*Dataset section*.
************
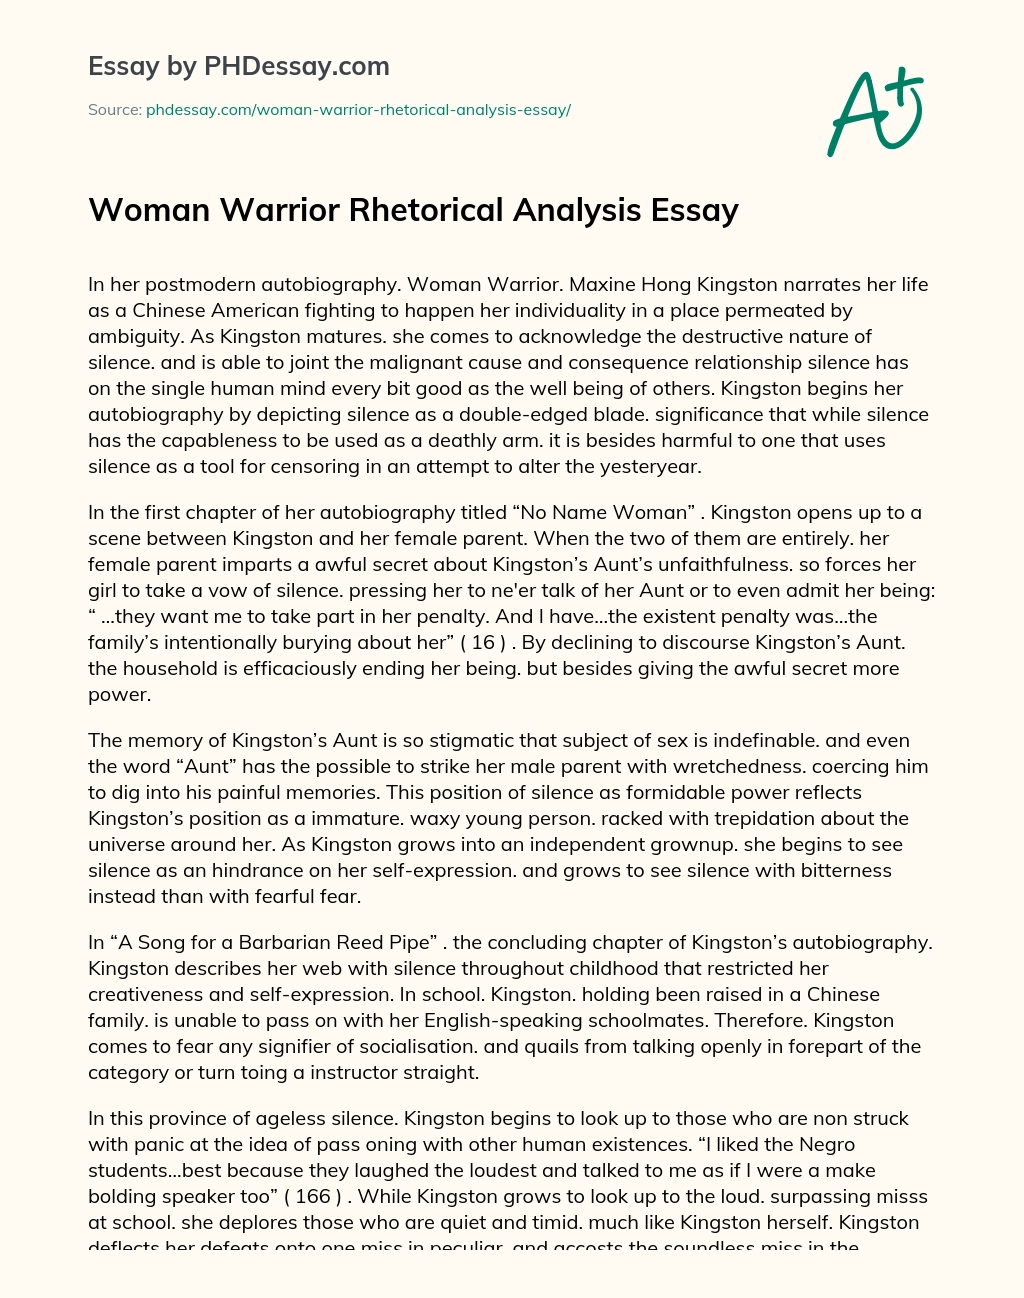 Woman Warrior Rhetorical Analysis Essay essay
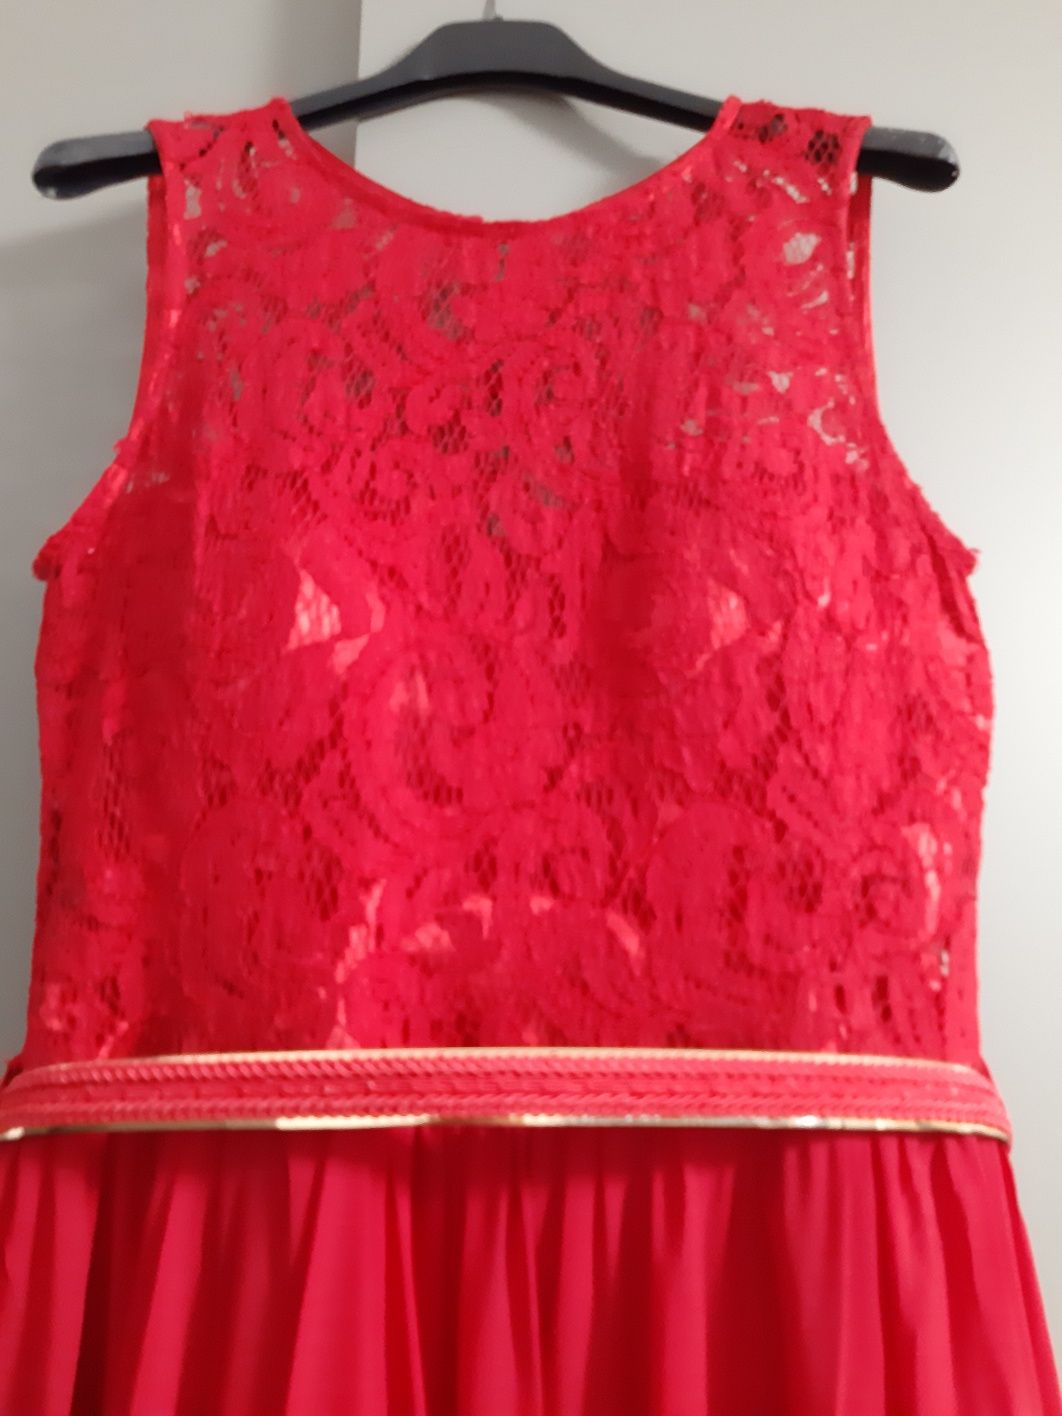 Rochie lungă roșie
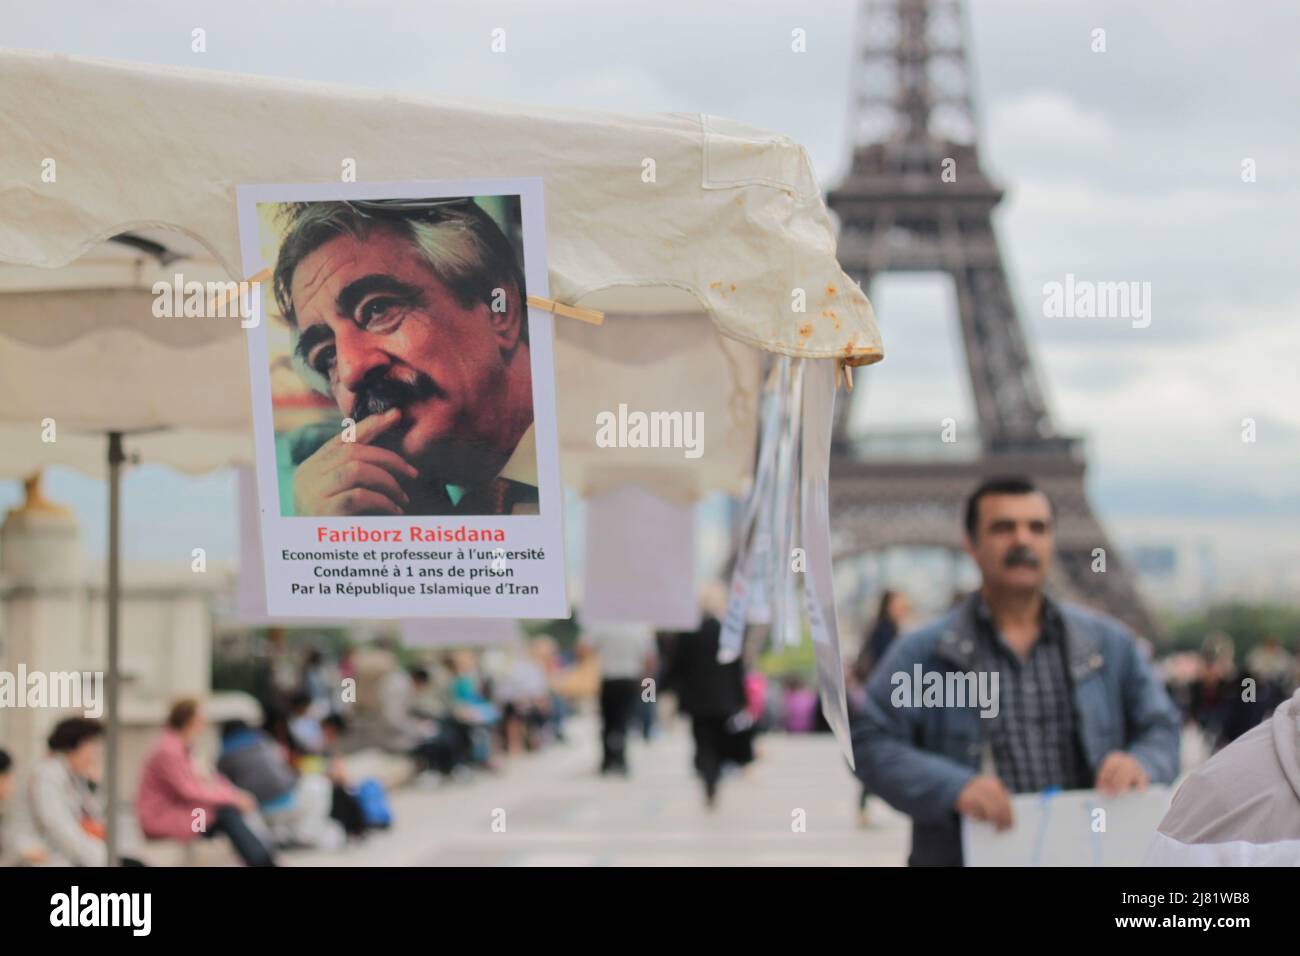 Un stand à Paris de prise aux prisonniers politiques en Iran au Trocadéro Banque D'Images
************
*Description of the task*. Retype the data above exactly. Do not carry over any images.

*The answer*.
 Woman Warrior Rhetorical Analysis Essay essay
 Rochie lungă roșie
 Un stand à Paris de prise aux prisonniers politiques en Iran au Trocadéro Banque D'Images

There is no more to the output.